Изменить стиль страницы

Она пропустила мимо ушей его оскорбление.

— Ты говорил со следователями?

— Сначала они расценили эту смерть как самоубийство, но после показаний супруги решили более внимательно изучить обстоятельства.

Анника снова положила ноги на стол.

— Из одного факта, что человек был убит, не следует делать вывод, что его застрелили из-за политики, если ты понимаешь, что я имею в виду.
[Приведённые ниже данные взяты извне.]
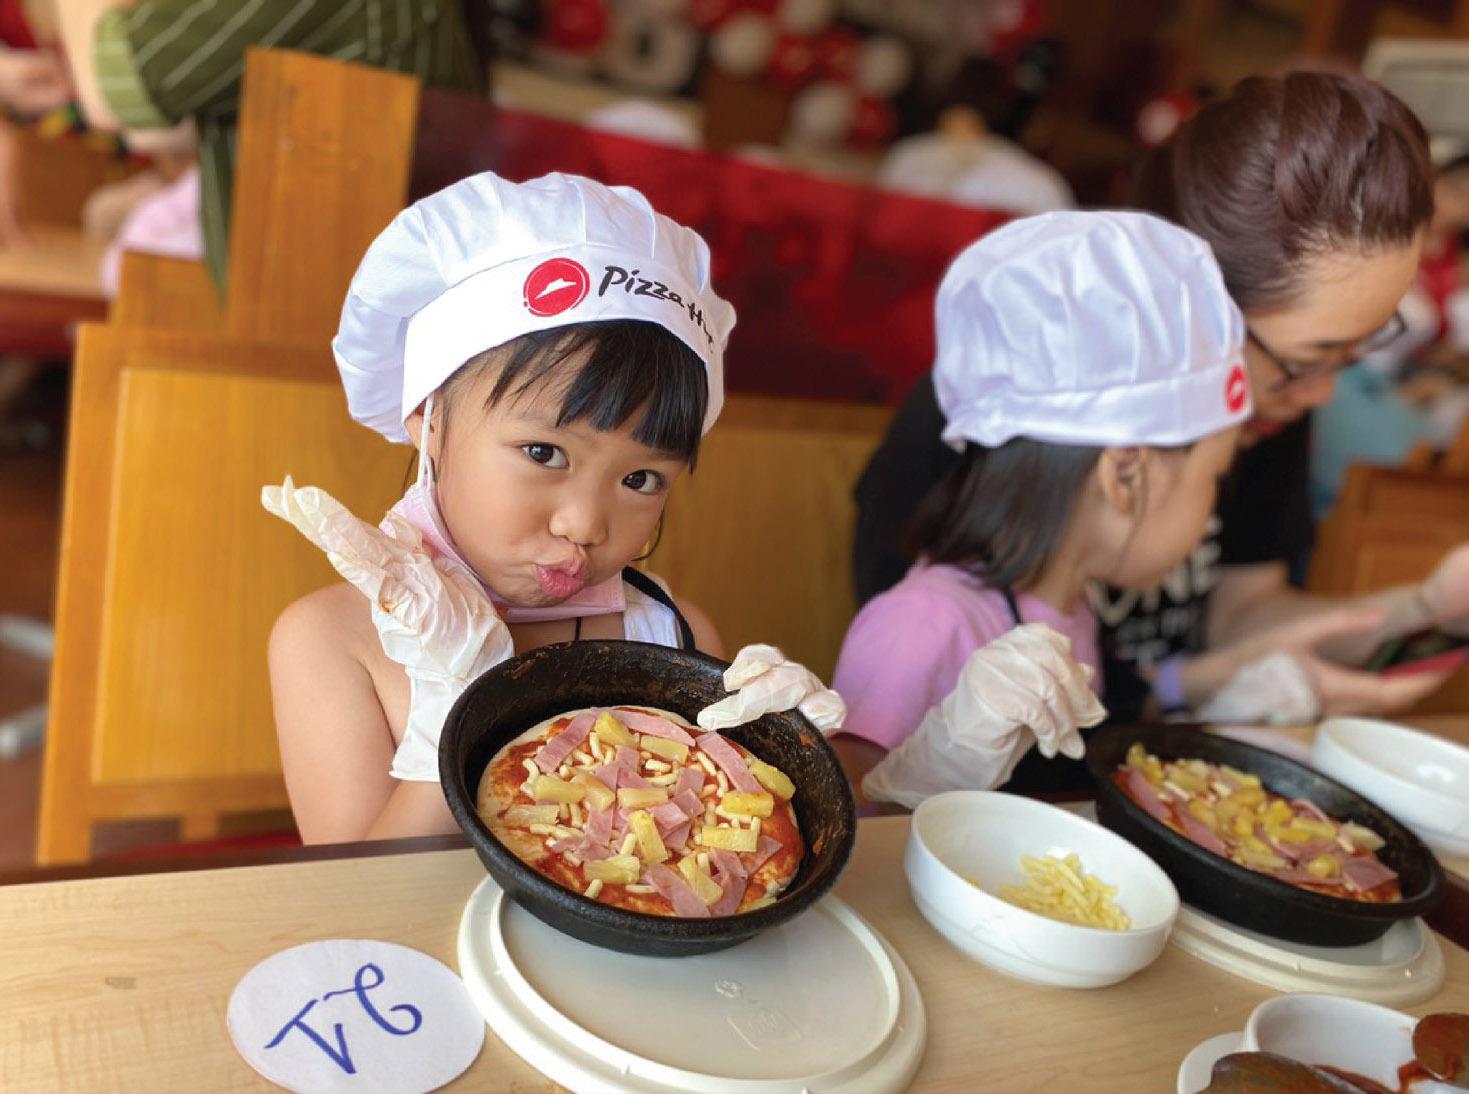 Aeon Mall pizza hut

У него могли быть долги, злоупотребления, совращение малолетних, у него, в конце концов, мог быть душевнобольной сосед и бог весть что еще.

— Это понятно, — согласился Томас. — Сиди на месте и жди у моря погоды.

— Кроме того, — сказала Анника, глядя на занавески, — как ее зовут?

Последовало недолгое, но красноречивое молчание.

— Кого?

— Разумеется, женщину, которая тебе звонила.

— Я не хочу, чтобы ты вмешивалась в это дело.

Этот вялотекущий антагонизм тянется давно. Делать было нечего, Анника капитулировала.

— Твоей работе ничего не грозит, — сказала она. — Напротив, если этого человека действительно убили, то ваш проект приобретает еще большую значимость. Если политика связана с такой грязью, то вам следует запустить ваш проект как можно раньше. Возможно, удастся предотвратить такие трагедии в дальнейшем.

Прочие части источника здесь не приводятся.